Here's the answer (only check after you've tried)
In-class exercise 1: Construct more queries and print results
Download the file http://cs.wellesley.edu/~qtw/code/apiex.py.
Your task is to create a dictionary q
that will include the appropriate parameters to answer the following query: get articles written by David Pogue in 2011 that mention "iphone" and "android".
Use a list comprehension to extract just the titles of the articles from the results.
Bonus task if you finish the rest of the exercise early: find out how many articles written by David Pogue in 2011 that don't mention iPhone or Android, and compare this to the number that do.
Storing results
Recall that when we discussed web scraping, the suggested strategy was to first download the HTML file, store it locally, and then parse the local copy of the file. A similar strategy is recommended for API data collections, where possible. One reason is that APIs limit the number of times you can query them in a given period, and so if you are going to be submitting a lot of queries it is essential that you make the most of each allowed query. Another is that APIs are often dynamic in nature, and so a query's results can change from one day to the next (e.g., new articles are added to the New York Times continuously).
Fortunately, when the results come in JSON format, parsing is a less error-prone process when compared to HTML. So this is one reason why it may not be as important to store the raw results for later recall.
Storing files locally, as done for HTML, is a viable strategy provided that you don't issue too many queries. You would still need to create a file2url.csv
file, but this time, include the requesting URL, the time of issue, and the stored file, e.g.:
"http://api.nytimes.com/svc/search/v1/article?query=iphone+android+byline%3A%22david+pogue%22&begin_date=20110101&api-key=[removed API key for security reasons]&end_date=20111231",2012-02-14 10:05:15, /home/tmoore/qtw/inclass/data/iphone_android_david_pogue_2011.json
Unfortunately, due to the way filesystems work, it can be very inefficient to store thousands of files in a directory. In fact, doing so can substantially degrade the overall performance of the filesystem. Consequently, in most cases you won't want to store all the JSON results individually.

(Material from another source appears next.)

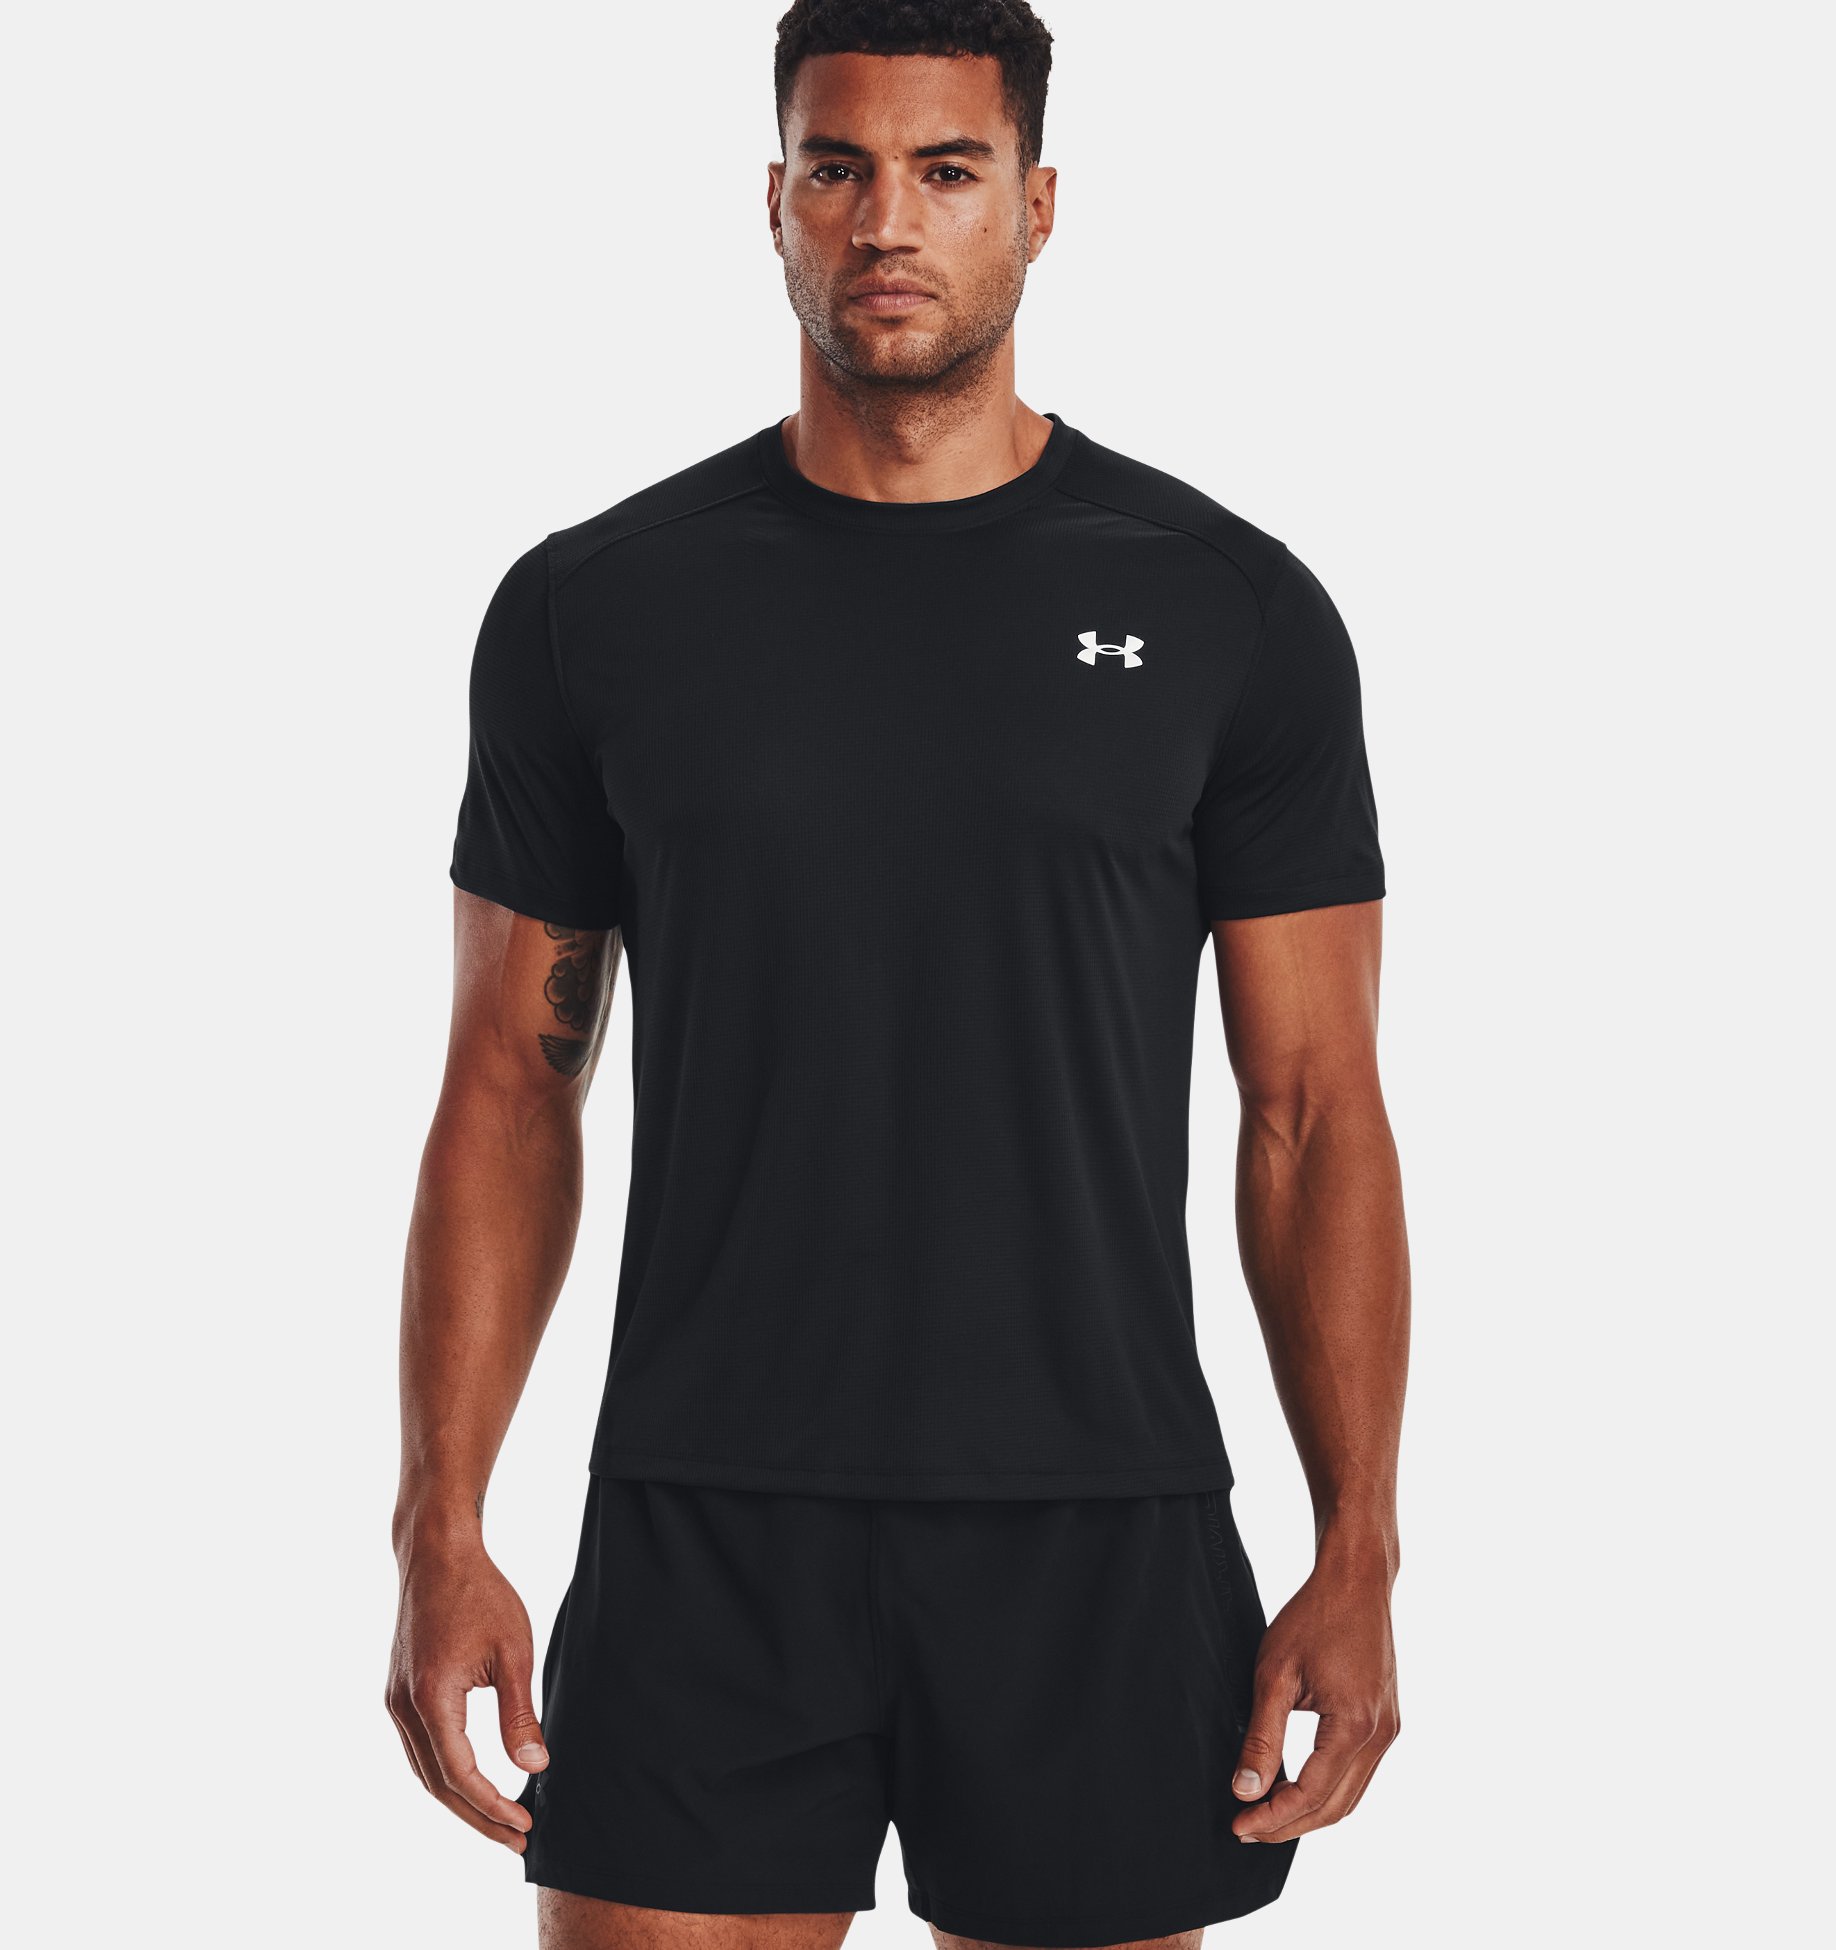 Under Armour Mens CoolSwitch Short Sleeve T-Shirt

Instead, you can create a composite data structure in Python that stores the information. Suppose you wanted to search New York Times for articles with "Obama", "Romney", "Santorum", "Gingrich" and "Paul" in the titles. You create five different queries, then store the results in a dictionary indexed by a tuple consisting of the query and date of search:
1 2 3 4 5 6 7 8 9 10 11 12 | import datetime, time rightnow=datetime.datetime.now() queries=[{"query":"title:"+politician,"api-key":apikey} for politician in ["Obama", "Romney", "Santorum", "Gingrich","Paul"]] apiResults={} for q in queries: #these 3 lines are just the same as before, just encoding and grabbing the URL url2check=baseurl+urllib.urlencode(q) result=urllib2.urlopen(url2check).read() resd=json.loads(result) #OK now store the json result in the apiResults dictionary apiResults[(url2check,rightnow)]=resd time.sleep(1) |
So now apiResults
is a dictionary whose keys are 2-element tuples of the URL requested plus the time of the search:
1 2 | >>> apiResults.keys() [('http://api.nytimes.com/svc/search/v1/article?query=title%3AGingrich&api-key=[removed API key for security reasons]', datetime.datetime(2012, 2, 14, 15, 3, 39, 685928)), ('http://api.nytimes.com/svc/search/v1/article?query=title%3AObama&api-key=[removed API key for security reasons]', datetime.datetime(2012, 2, 14, 15, 3, 39, 685928)), ('http://api.nytimes.com/svc/search/v1/article?query=title%3APaul&api-key=[removed API key for security reasons]', datetime.datetime(2012, 2, 14, 15, 3, 39, 685928)), ('http://api.nytimes.com/svc/search/v1/article?query=title%3ASantorum&api-key=[removed API key for security reasons]', datetime.datetime(2012, 2, 14, 15, 3, 39, 685928)), ('http://api.nytimes.com/svc/search/v1/article?query=title%3ARomney&api-key=[removed API key for security reasons]', datetime.datetime(2012, 2, 14, 15, 3, 39, 685928))] |
OK, so creating a dictionary of the results solves the problem of too many files floating around. But what happens after the Python session ends? Won't the dictionary just be cleared from memory? Enter the Python pickle module! This module allows us to freeze the any Python object and store a copy in permanent storage, rather than main memory. The fancy term is "object serialization".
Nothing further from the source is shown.